The Mathematics of Magic
- First edition of The Mathematics of Magic
- Author: L. Sprague de Camp and Fletcher Pratt
- Cover artist: Marc Fishman
- Language: English
- Series: Harold Shea
- Genre: Fantasy
- Publisher: NESFA Press
- Publication date: 2007
- Publication place: United States
- Media type: Print (Hardbound)
- Pages: 512
- ISBN: 1-886778-65-5
- OCLC: 144227703

= The Mathematics of Magic: The Enchanter Stories of L. Sprague de Camp and Fletcher Pratt =

2007 collection of stories

The Mathematics of Magic: The Enchanter Stories of L. Sprague de Camp and Fletcher Pratt is an omnibus collection of seven fantasy stories by American science fiction and fantasy authors L. Sprague de Camp and Fletcher Pratt, gathering material previously published in three volumes as The Incomplete Enchanter (1941), The Castle of Iron (1950), and Wall of Serpents (1960) together with additional material from The Enchanter Reborn (1992) and The Exotic Enchanter (1995). It represents an expansion of the earlier omnibuses The Compleat Enchanter, which contained only the material in the first two volumes, and The Complete Compleat Enchanter, which contained only the material in the first three volumes. The expanded version also differs from the previous omnibuses in its selection of supplementary material. The Mathematics of Magic is the first edition of the authors' Harold Shea series to include every one of their contributions to it in one volume. Contributions to the series of other authors from the collections of the 1990s are omitted.
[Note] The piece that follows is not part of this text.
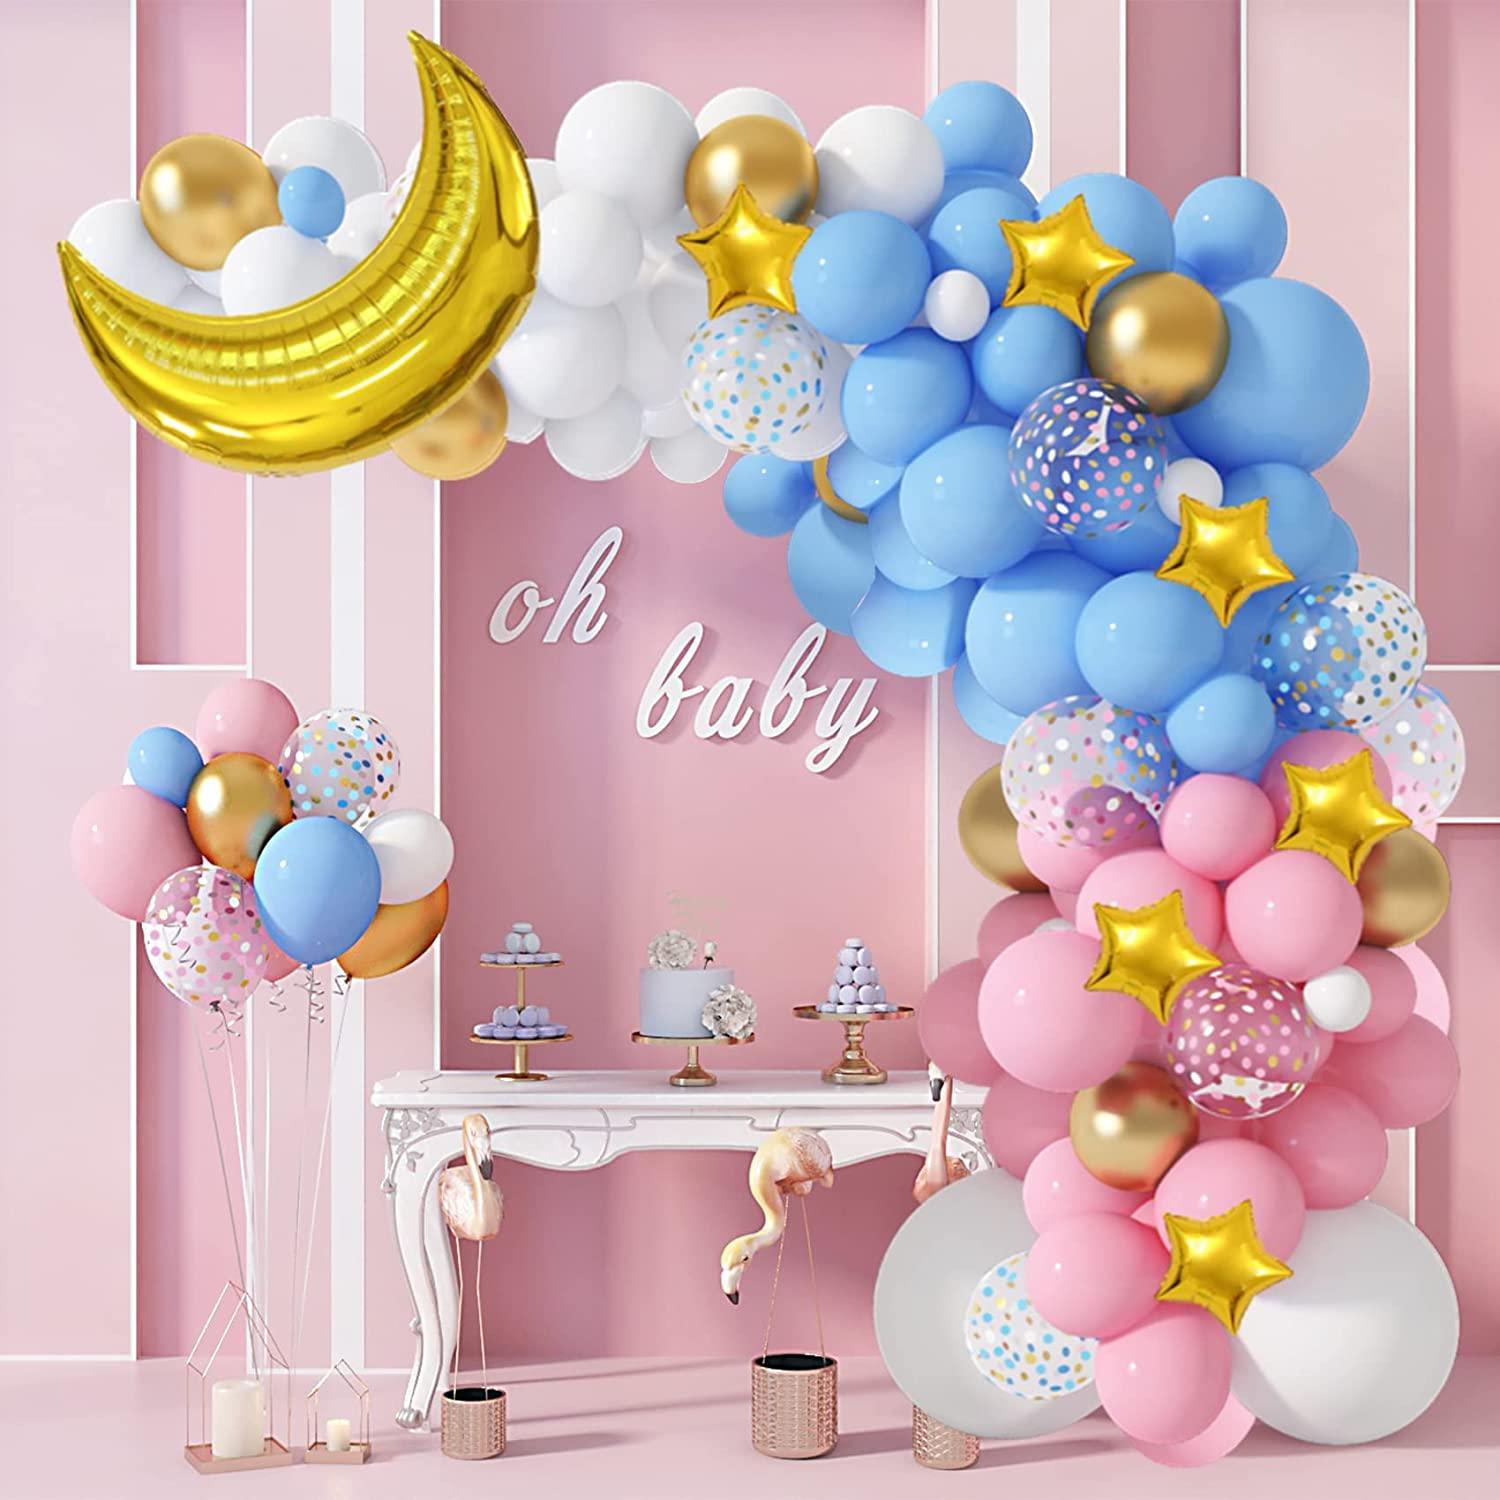 Gender Reveal Party Decoration Boy or Girl Party Supplies with Baby Boxes  36 Inch Gender Reveal Balloon Pink and Blue Gender Reveal Balloons Garland

The collection was edited by Mark L. Olson and first published in hardcover by NESFA Press in February, 2007. The stories in the collection were originally published in magazine form in the May 1940, August 1940 and April 1941 issues of Unknown, the June 1953 issue of Fantasy Fiction, the November 1954 issue of Beyond Fantasy Fiction, the World Fantasy Convention program book for 1990, and the collection The Exotic Enchanter in 1995. De Camp's essay "Fletcher and I" was originally published in The Compleat Enchanter in 1975, and Jerry Pournelle's essay "Arming the Incomplete Enchanter" was originally published in George H. Scithers' fanzine Amra.

==Summary==
The Harold Shea stories are parallel world tales in which universes where magic works coexist with our own, and in which those based on the mythologies, legends, and literary fantasies of our world and can be reached by aligning one's mind to them by a system of symbolic logic. Psychologist Harold Shea and his colleagues Reed Chalmers, Walter Bayard, and Vaclav Polacek (Votsy), travel to several such worlds, joined in the course of their adventures by Belphebe and Florimel of Faerie, who become the wives of Shea and Chalmers, and Pete Brodsky, a policeman who is accidentally swept up into the chaos. The seven stories collected in The Complete Compleat Enchanter explore the worlds of Norse mythology in "The Roaring Trumpet", Edmund Spenser's The Faerie Queene in "The Mathematics of Magic", Ludovico Ariosto's Orlando Furioso (with a brief stop in Samuel Taylor Coleridge's Kubla Khan) in "The Castle of Iron", the Kalevala in "The Wall of Serpents", Irish mythology in "The Green Magician", L. Frank Baum's land of Oz in "Sir Harold and the Gnome King", and Edgar Rice Burroughs's Barsoom in "Sir Harold of Zodanga".

==Contents==
- "Introduction" (by Christopher Stasheff)
- "The Roaring Trumpet" (by L. Sprague de Camp and Fletcher Pratt)
- "The Mathematics of Magic" (by L. Sprague de Camp and Fletcher Pratt)
- "The Castle of Iron" (by L. Sprague de Camp and Fletcher Pratt)
- "The Wall of Serpents" (by L. Sprague de Camp and Fletcher Pratt)
- "The Green Magician" (by L. Sprague de Camp and Fletcher Pratt)
- "Fletcher and I" (by L. Sprague de Camp)
- "Sir Harold and the Gnome King" (by L. Sprague de Camp)
- "Sir Harold of Zodanga" (by L. Sprague de Camp)
- "Arming the Incomplete Enchanter" (by Jerry Pournelle)
- "An Enchanter Bibliography"

==Reception==
The collection was reviewed by Tom Easton in Analog Science Fiction and Fact, October 2007.